14 pages., Edutainment, the combination of education with entertainment through various media such as television, radio, mobile phone applications and games, is increasingly being used as an approach to stimulate innovation and increase agricultural productivity amongst smallholder farmers in sub-Saharan Africa. Shamba Shape Up, a widely publicised makeover reality TV programme, is an example of edutainment that has received considerable attention, and airs in three countries in East Africa where it is estimated to be watched by millions of viewers.
There is no published academic research on the influence of makeover television formats on innovation systems and processes in smallholder agriculture. Using an Agricultural Innovation Systems approach, this paper explores how makeover edutainment is influencing smallholder farmer innovation systems together with the effect this is having on smallholder farms. In the absence of previous research, it articulates a Theory of Change which draws on research traditions from mass communication, agricultural extension and innovation systems.
Data came from two large scale quantitative (n = 9885 and n = 1572) surveys and in-depth participatory qualitative research comprising focus group discussions, participatory budgets, agricultural timelines, case studies and key information interviews in Kenya. An estimated 430,000 farmers in the study area were benefiting from their interaction with the programme through increased income and / or a range of related social benefits including food security, improving household health, diversification of livelihood choices, paying school fees for children and increasing their community standing / social capital.
Participatory research showed SSU enhanced an already rich communication environment and strengthened existing processes of innovation. It helped set the agenda for discussions within farming communities about opportunities for improving smallholder farms, while also giving specific ideas, information and knowledge, all in the context of featured farm families carefully selected so that a wide range of viewers would identify with them and their challenges.

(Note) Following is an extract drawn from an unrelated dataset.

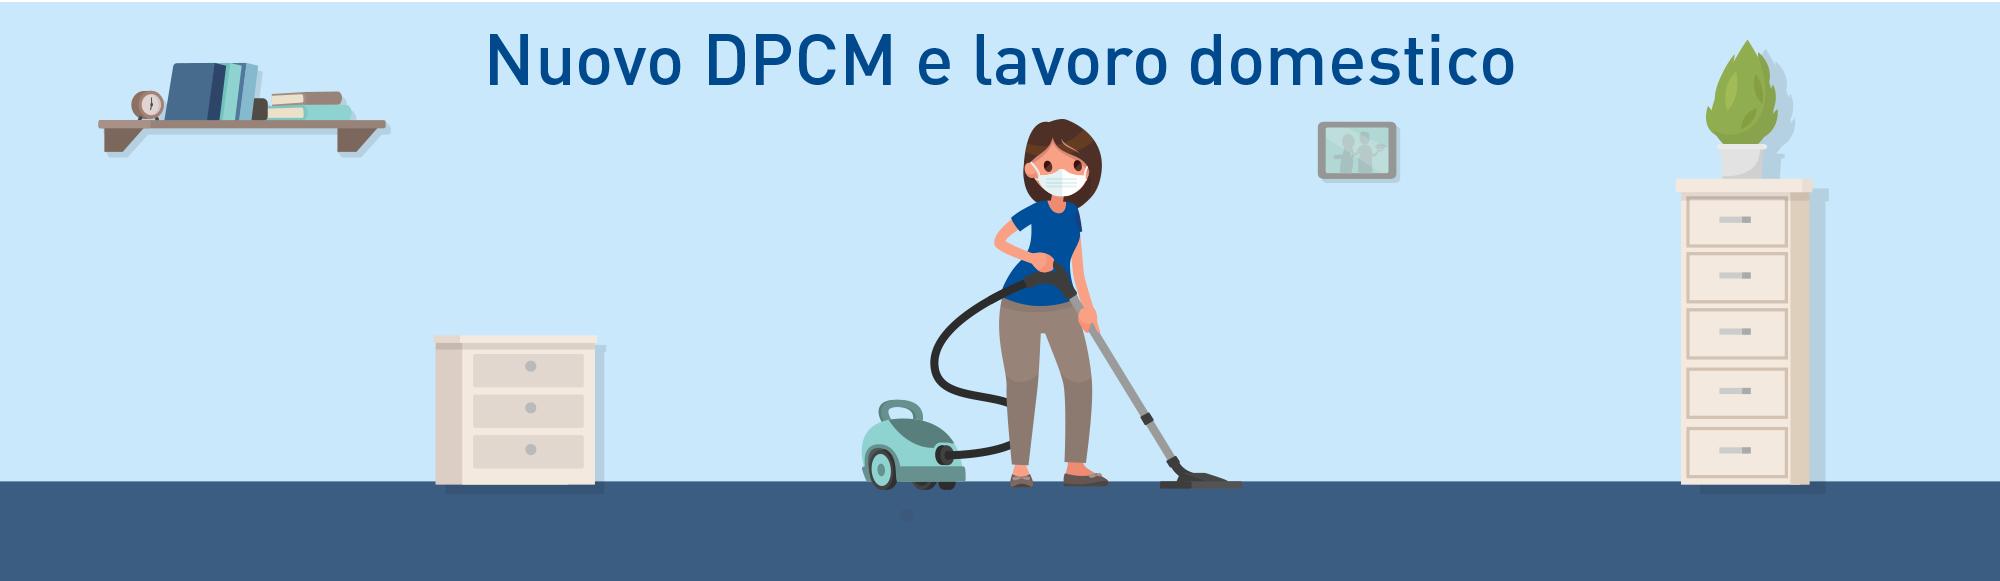 Prosegue il lavoro domestico

Broadcasts motivated and inspired farmers to improve their own farms through a range of influences including entertainment, strong empathy with the featured host farm families, the way ideas emerged through interaction with credible experts, and importantly through stimulating widespread discussion and interaction amongst and between farmers and communities of experts on agricultural problems, solutions and opportunities. The fact that local extension workers also watched the programmes further enhanced the influence on local innovation systems.
The findings indicate that well designed makeover edutainment can strongly influence agricultural innovation processes and systems resulting in impact on the agricultural production and behaviours of large numbers of smallholder farmers.